In Figure 10.29(b), a modified impedance relay is obtained by offsetting the center of the impedance circle from the origin. This modified impedance relay is sometimes called an mho relay. If either of these relays is used at B12 in Figure 10.27, a fault at P1 will result in a trip decision, but a fault at P3 will result in a block decision.

Note that the radius of the impedance circle for the modified impedance relay is half of the corresponding radius for the impedance relay with directional restraint. The modified impedance relay has the advantage of better selectivity for high power factor loads. For example, the high power factor load ZL lies outside the trip region of Figure 10.29(b) but inside the trip region of Figure 10.29(a).

The reach of an impedance relay denotes how far down the line the relay detects faults. For example, an 80% reach means that the relay will detect any (solid three-phase) fault between the relay and 80% of the line length. This explains the term distance relay.

It is common practice to use three directional impedance relays per phase, with increasing reaches and longer time delays. For example, Figure 10.27 shows three protection zones for B12. The zone 1 relay is typically set for an 80% reach and instantaneous operation, in order to provide primary protection for line 1–2. The zone 2 relay is set for about 120% reach, extending beyond bus 2, with a typical time delay of 0.2 to 0.3 seconds.

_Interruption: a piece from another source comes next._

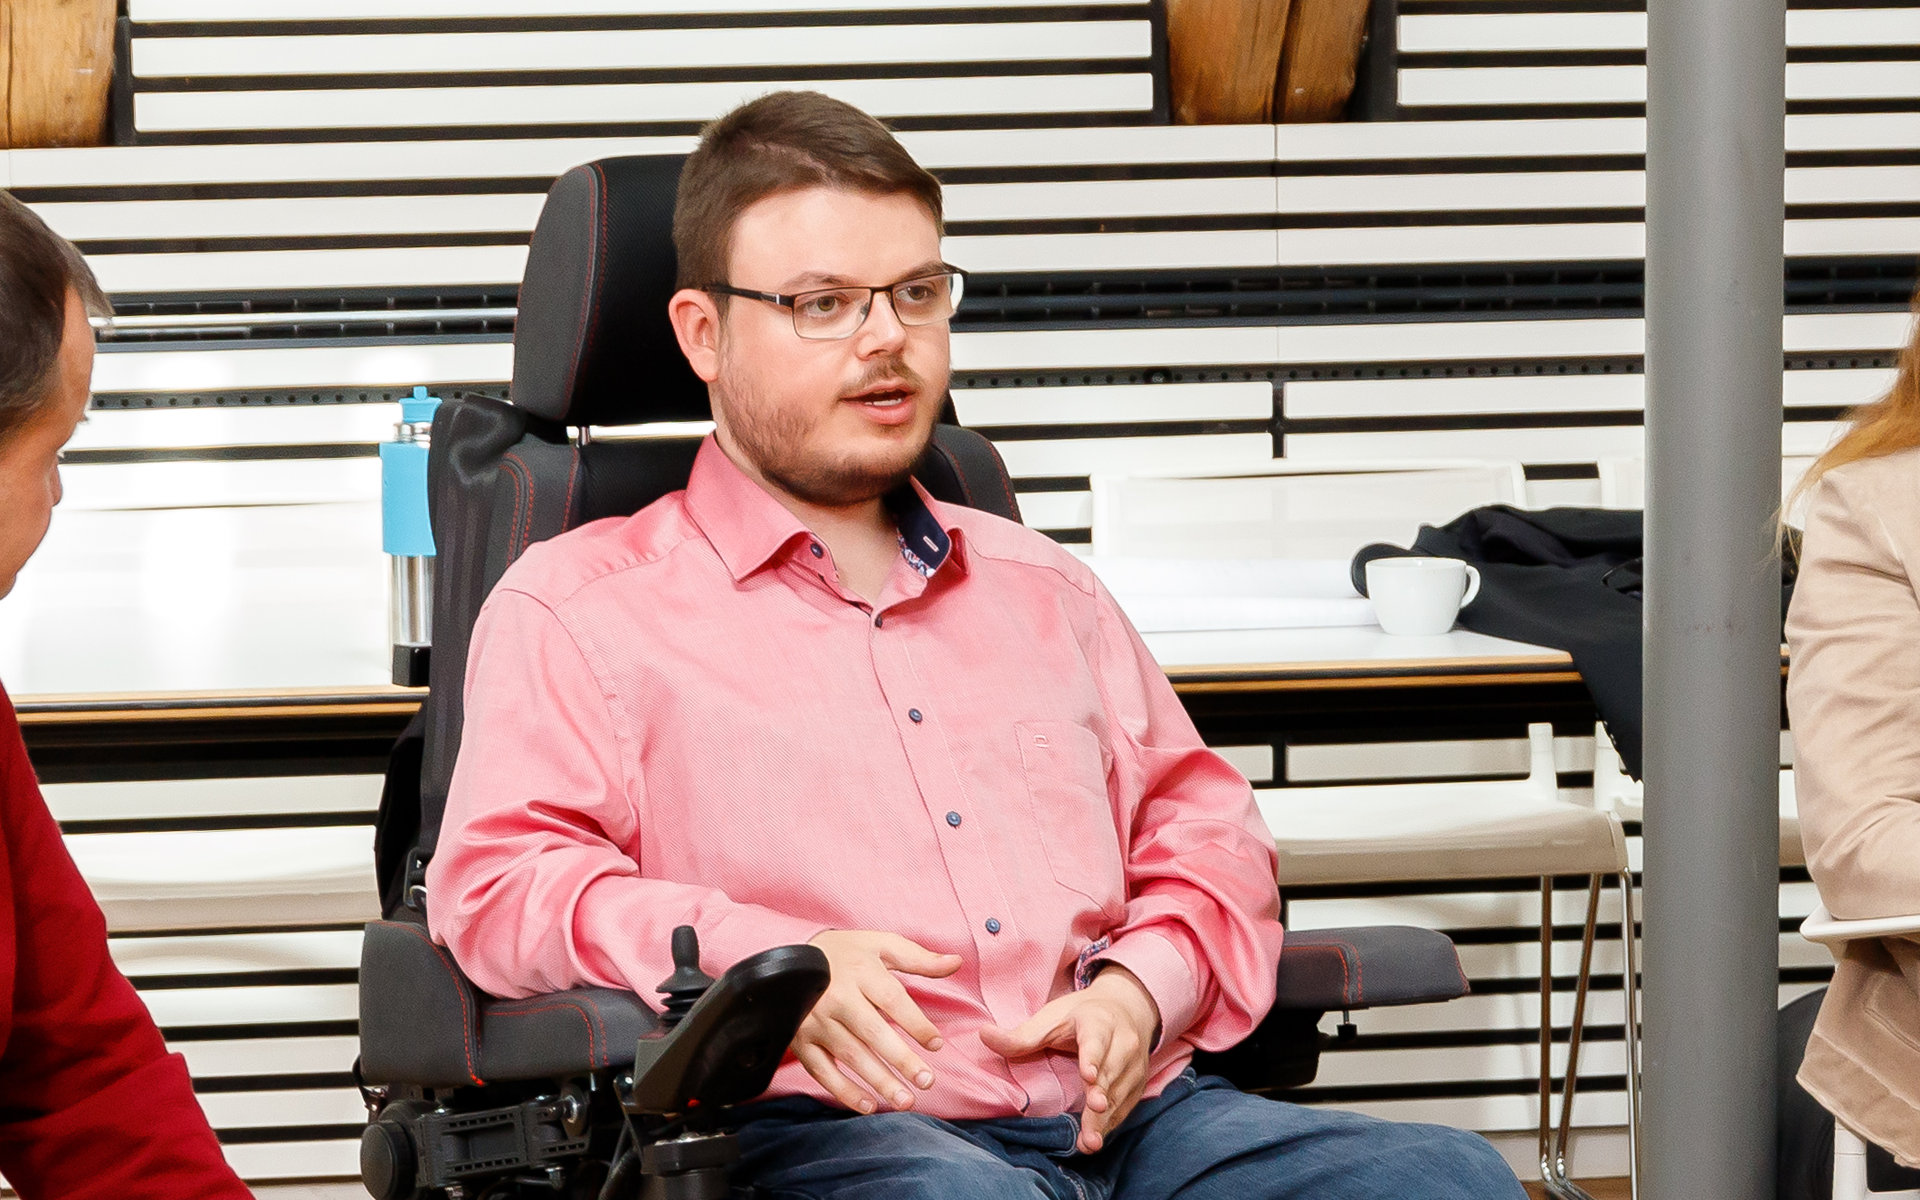 Constantin Grosch sitzt mit rotem Hemd im Rollstuhl und gestikuliert. Links und rechts sieht man Menschen sitzen.

The zone 2 relay provides backup protection for faults on line 1–2 as well as remote backup for faults on line 2–3 or 2–4 in zone 2. Note that in the case of a fault on line 2–3 we want the B23 relay to trip, not the B12 relay. Since the impedance seen by B12 for faults near bus 2, either on line 1–2 or line 2–3, is essentially the same, we cannot set the B12 zone 1 relay for 100% reach. Instead, an 80% reach is selected to avoid instantaneous operation of B12 for a fault on line 2–3 near bus 2.

For example, if there is a fault at P2 on line 2–3, B23 should trip instantaneously; if it fails, B12 will trip after time delay. Other faults at or near bus 2 also cause tripping of the B12 zone 2 relay after time delay. Reach for the zone 3 B12 relay is typically set to extend beyond buses 3 and 4 in Figure 10.27, in order to provide remote backup for neighboring lines. As such, the zone 3 reach is set for 100% of line 1–2 plus 120% of either line 2–3 or 2–4, whichever is longer, with an even larger time delay, typically one second.

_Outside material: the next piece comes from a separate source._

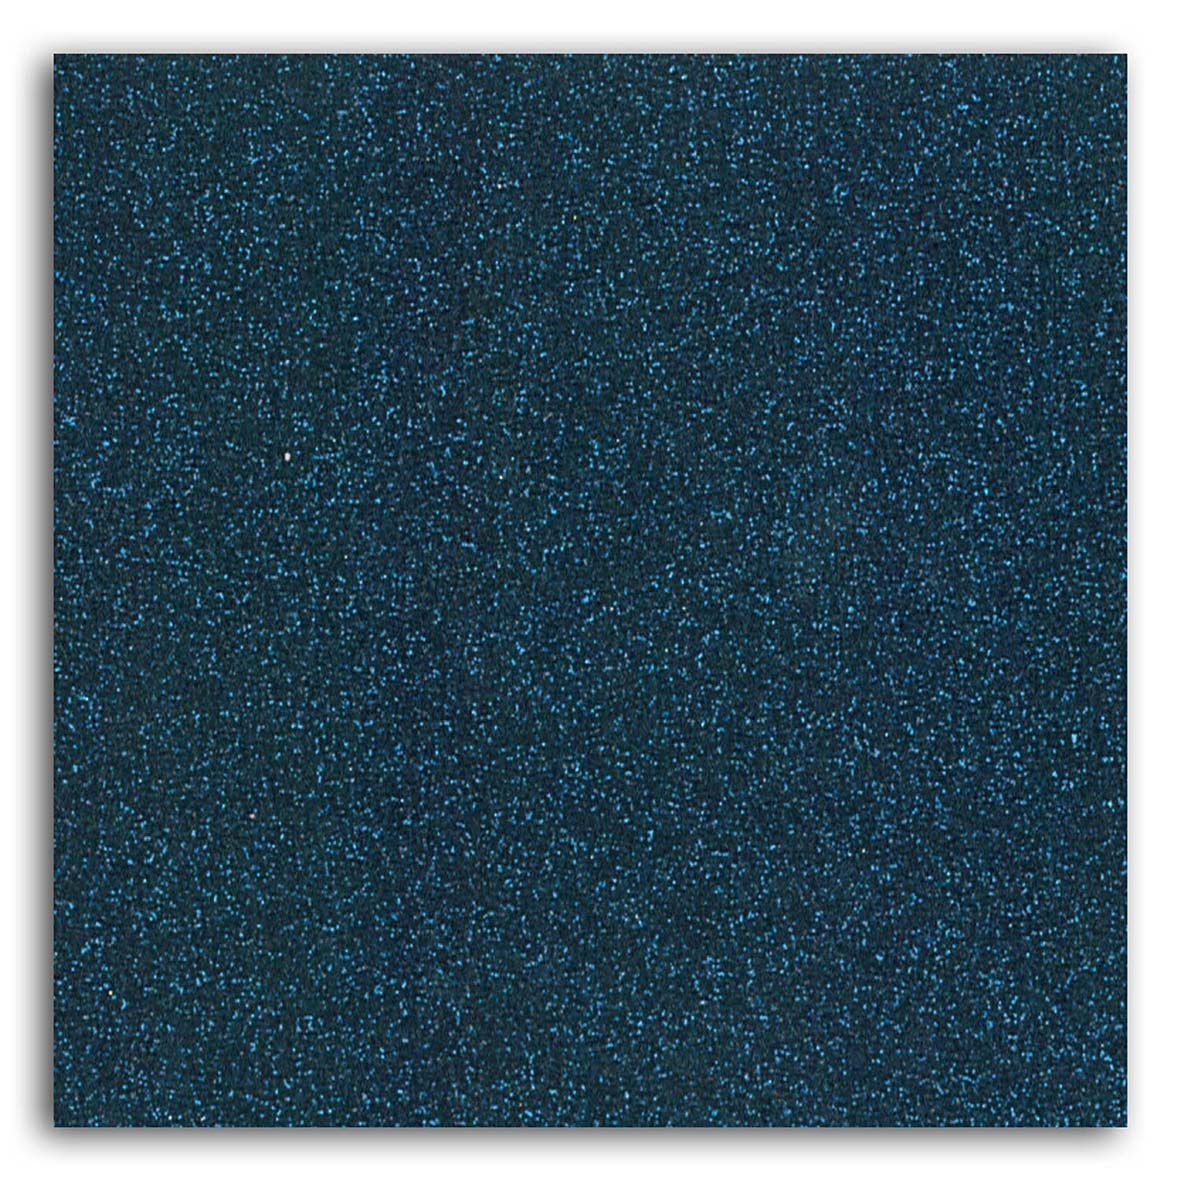 Iron-on glitter fabric - Midnight Blue

Typical block and trip regions are shown in Figure 10 Typical block and trip regions are shown in Figure 10.30 for both types of three-zone, directional impedance relays. Relay connections for a three-zone impedance relay with directional restraint are shown in Figure 10.31.

Remote backup protection of adjacent lines using zone 3 of an impedance relay may be ineffective. In practice, buses have multiple lines of different lengths with sources at their remote ends. Contributions to fault currents from the multiple lines may cause the zone 3 relay to underreach.

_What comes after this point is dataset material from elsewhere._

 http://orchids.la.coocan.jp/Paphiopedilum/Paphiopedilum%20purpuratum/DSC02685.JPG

The impedance relays considered so far use line-to-neutral voltages and line currents and are called ground fault relays. They respond to three-phase, single line-to-ground, and double line-to-ground faults very effectively. The impedance seen by the relay during unbalanced faults will generally not be the same as seen during three-phase faults and will not be truly proportional to the distance to the fault location. However, the relay can be accurately set for any fault location after computing impedance to the fault using fault currents and voltages.

For other fault locations farther away (or closer), the impedance to the fault will increase (or decrease). Ground fault relays are relatively insensitive to line-to-line faults. Impedance relays that use line-to-line voltages Vab, Vbc, Vca and line-current differences IaIb, IbIc, IcIa are called phase relays. Phase relays respond effectively to line-to-line faults and double line-to-ground faults but are relatively insensitive to single line-to-ground faults. Therefore, both phase and ground fault relays need to be used.